Despite limited asynchrony within cohorts, rhodopsin onset in rod precursors born postnatally appeared to be strongly correlated temporally with the terminal mitosis. A fixed lag time for these cohorts was clearly demonstrated by comparing the lag to 50% final rhodopsin levels across postnatal cohorts: 5.65 ± 0.27, 5.97 ± 0.01, and 5.72 d for P0-, P2-, and P5-born cohorts, respectively. Table 2 summarizes the lag times to 10, 50, and 90% final rhodopsin levels for the postnatal cohorts.
Early embryonically born rods show a variable lag and express rhodopsin synchronously with later-born cohorts
Although rod precursors are born as early as E14, the number of immunocytochemically detectable rhodopsin-positive cells is very low in the early neonatal rat retina (Fig. 3). We therefore sought to characterize the relative timing of the terminal mitosis and the onset of rhodopsin expression in embryonically born rod precursors in vivo. To investigate this question, pregnant rats were administered single injections of [3H]thymidine on E15, E17, E19, or E21. A developmental series of freshly dissociated retinae from these litters was then analyzed as done previously for the postnatally born cohorts. Figure 5illustrates the results of this experiment for the E17, E19, and E21 cohorts. Data for the E15 cohort is presented in Table3. As shown in Figure 3 A, 10.5 ± 0.5, 16.9 ± 0.1, 65.0 ± 8.0, and 78.3 ± 2.2% of surviving cells born on E15, E17, E19, and E21, respectively, were fated to differentiate as rods.
As shown in Figure 5 D and summarized in Table4, the E19 and E21 cohorts displayed kinetics of rhodopsin onset similar to that of the postnatal cohorts. The E19 and E21 cohorts displayed a lag of ∼6.10 ± 0.07 and 6.54 ± 0.00 d, respectively, to 50% of final levels of rhodopsin. The E15 and E17 cohorts, however, appeared to display different kinetics. For the E17 cohort, the lag to 50% of the final level of rhodopsin-positive cells was 8.24 ± 0.30 d, longer than the lag of 5.5 to 6.5 d for the later-born rod precursors. For the E17-born rods, 50% of the final level of rhodopsin-positive cells were detected on P3.74 ± 0.30, which was synchronous with the E19 cohort that was born 2 d later and reached 50% final levels at P3.60 ± 0.07 (Fig. 5 D). The E15 cohort had an even longer lag than the E17 cohort, averaging ∼12.5 d (Tables 3,4). Similarly, for the E15-born cohort, rhodopsin onset also appeared approximately synchronous with later-born rod precursors. The lag times to 10, 50, and 90% final rhodopsin levels are summarized for the embryonically born cohorts in Table 4.
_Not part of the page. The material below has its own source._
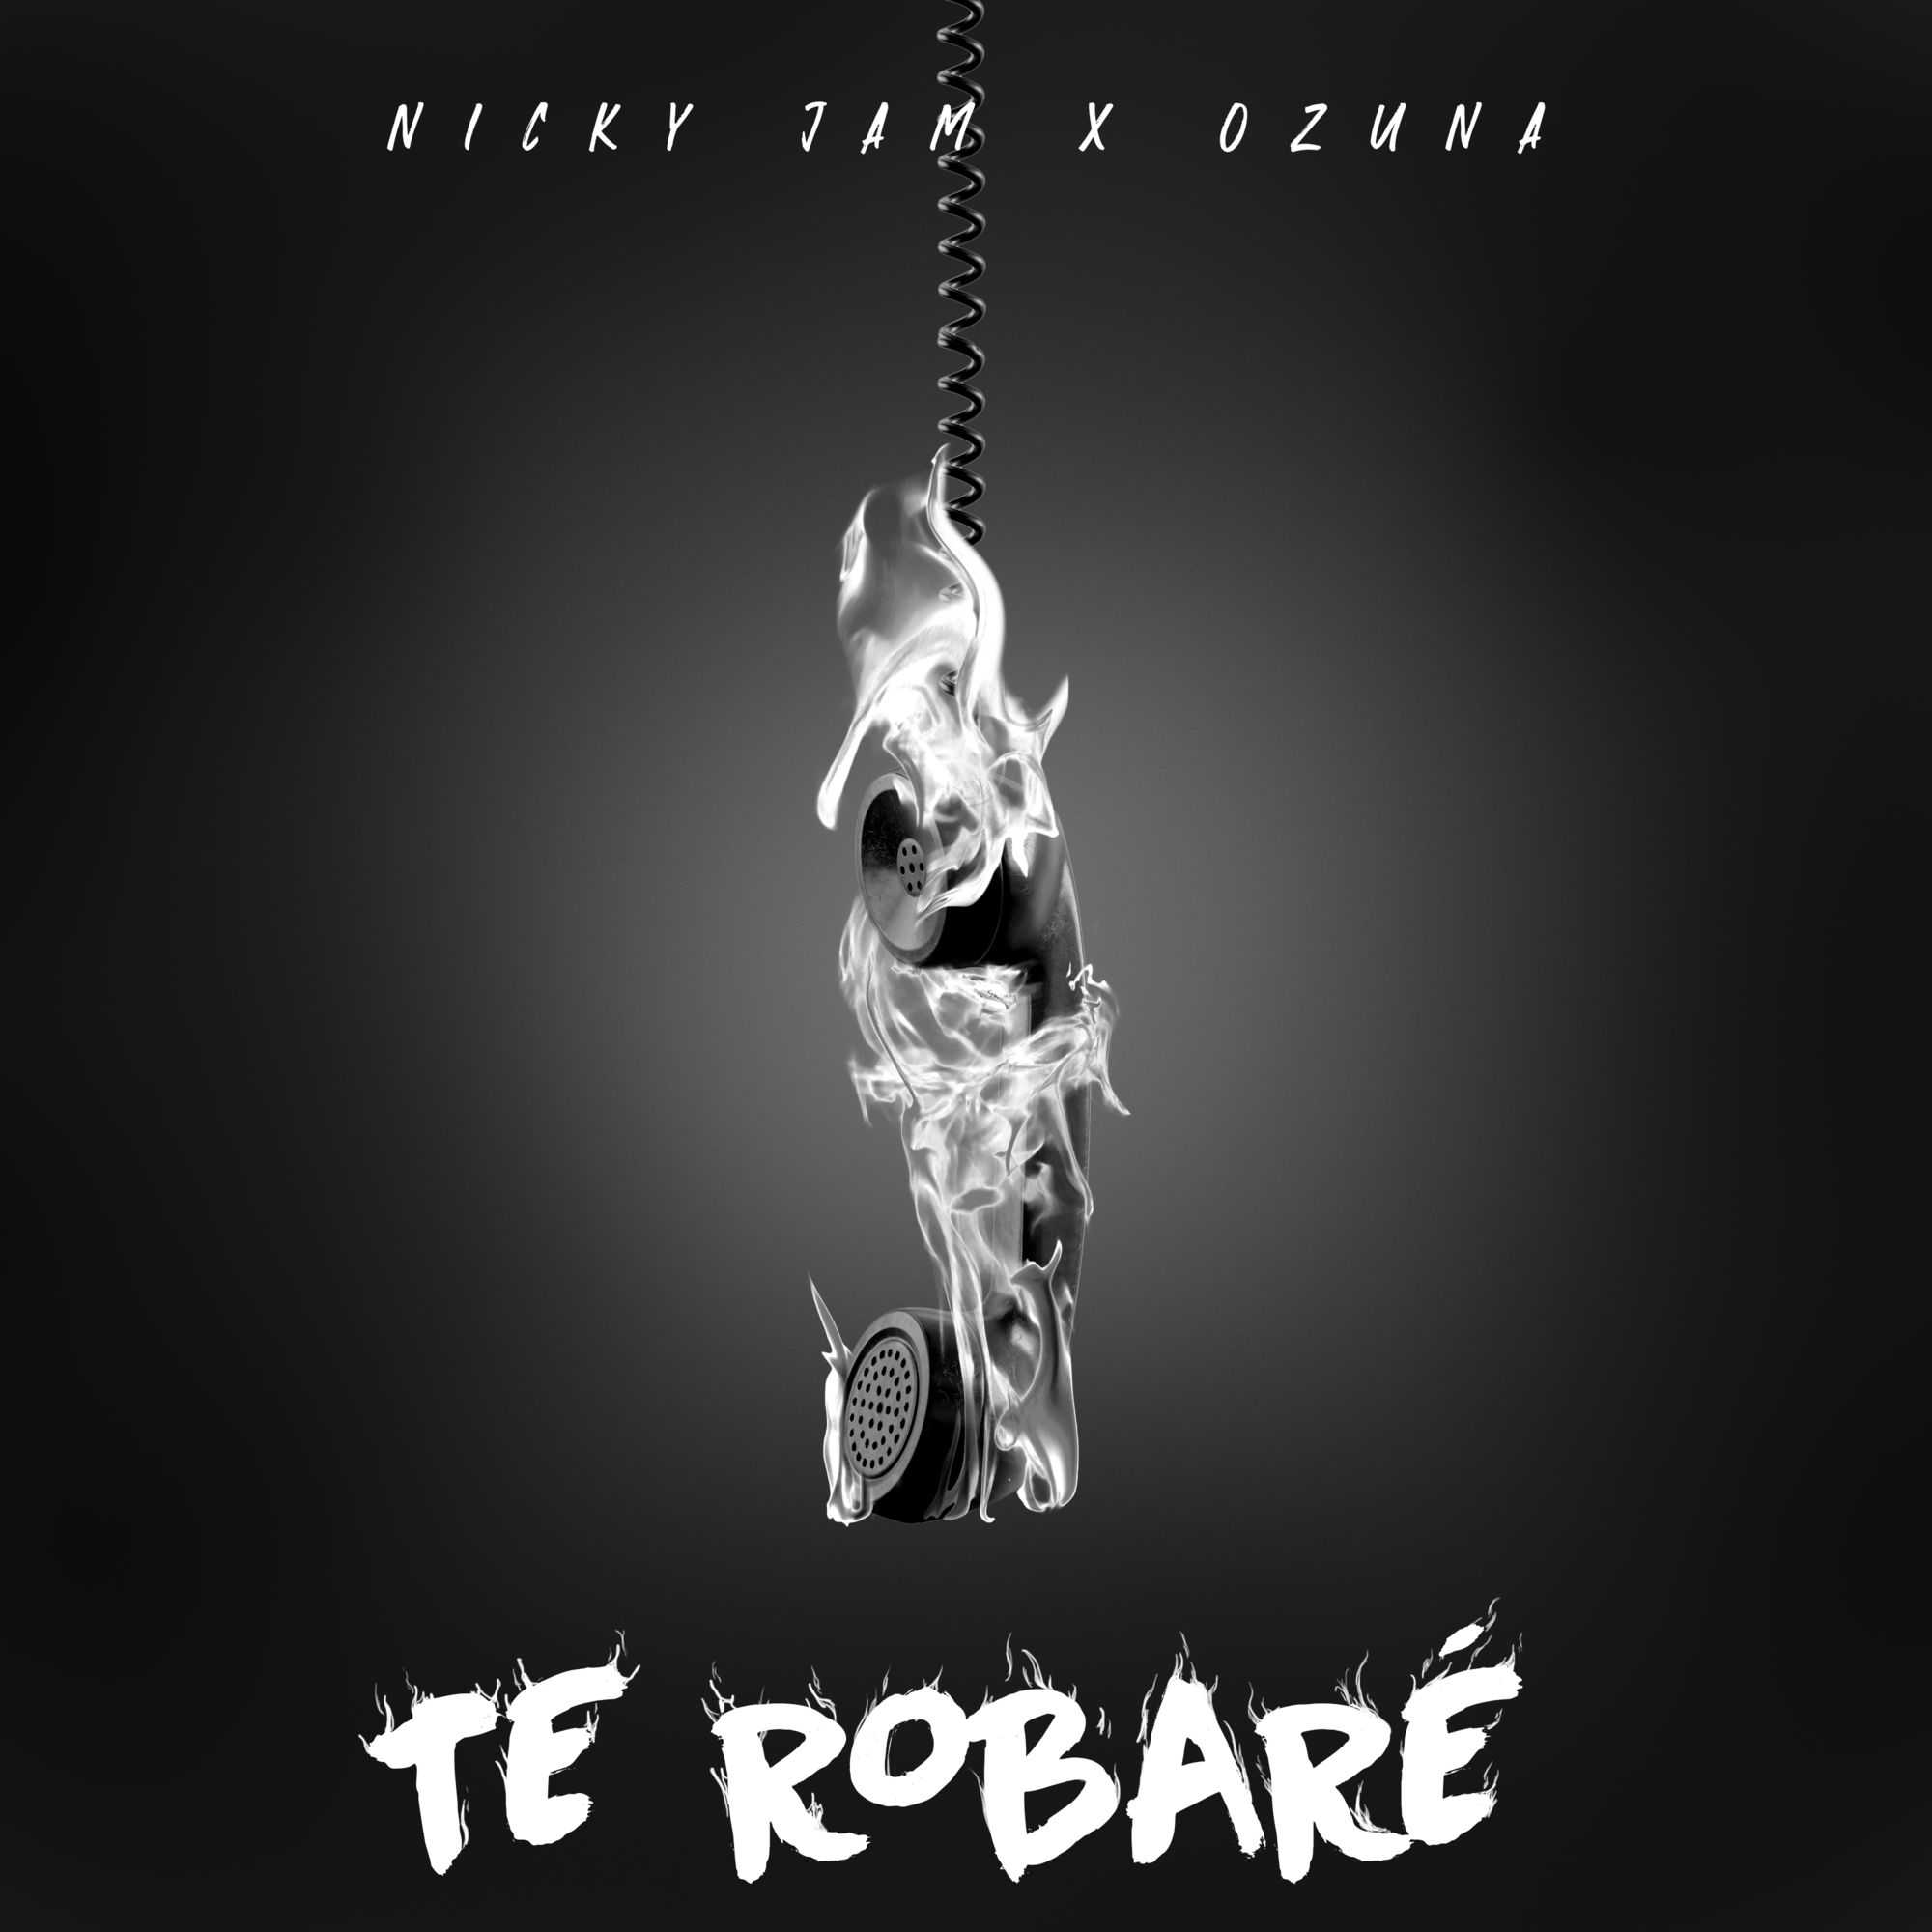 Nicky Jam & Ozuna - Te Robare
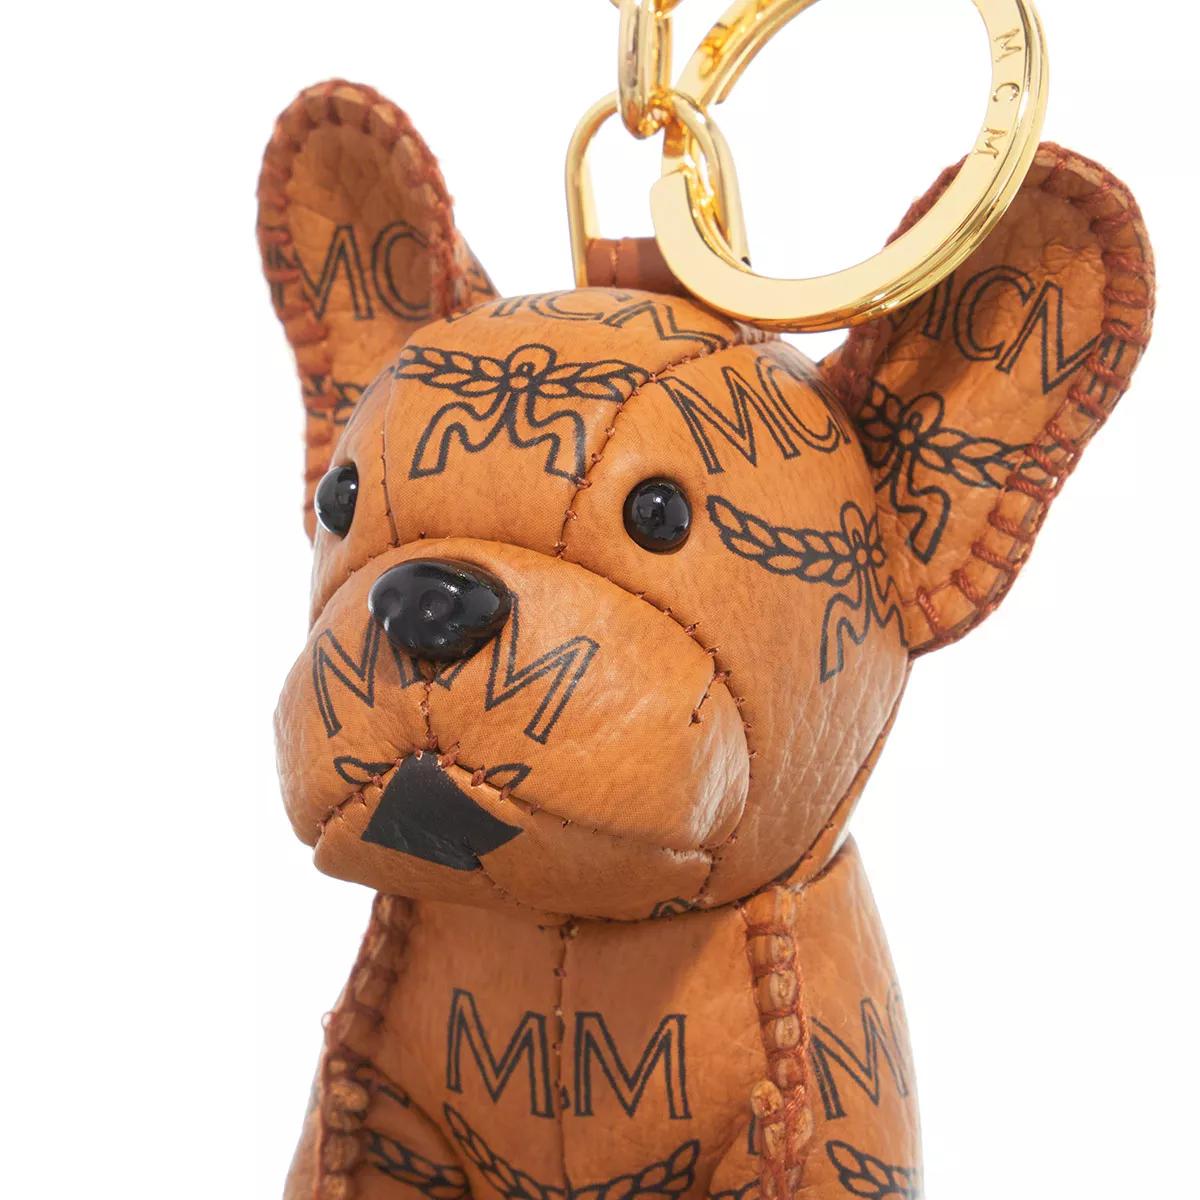 MCM 'M Pup' keyring charm, Men's Accessorie

Culturing E16-born cells with excess P0 cells does not alter lag to rhodopsin or change percentage of E16 cells differentiating as rods
As described above, early embryonically born precursors displayed a long lag to rhodopsin onset and a low frequency of rod differentiation relative to postnatally born precursors. To examine whether this is intrinsically programmed or whether it can be influenced by environmental factors, we performed experiments similar to those conducted by Watanabe and Raff (1990). As outlined in Figure6 A, intact E16 retinal explants were pulse-labeled with [3H]thymidinein vitro and then dissociated and reaggregated with a 20-fold excess of unlabeled E16 retinal cells or P0 retinal cells. The reaggregate pellets were cultured for 3, 5, 7, 10, 12, 15, or 17 d, at which point rod differentiation was completed. At each of these time points, the heavily labeled cells, or cells in their terminal S-phase in the explant, were scored for rhodopsin expression.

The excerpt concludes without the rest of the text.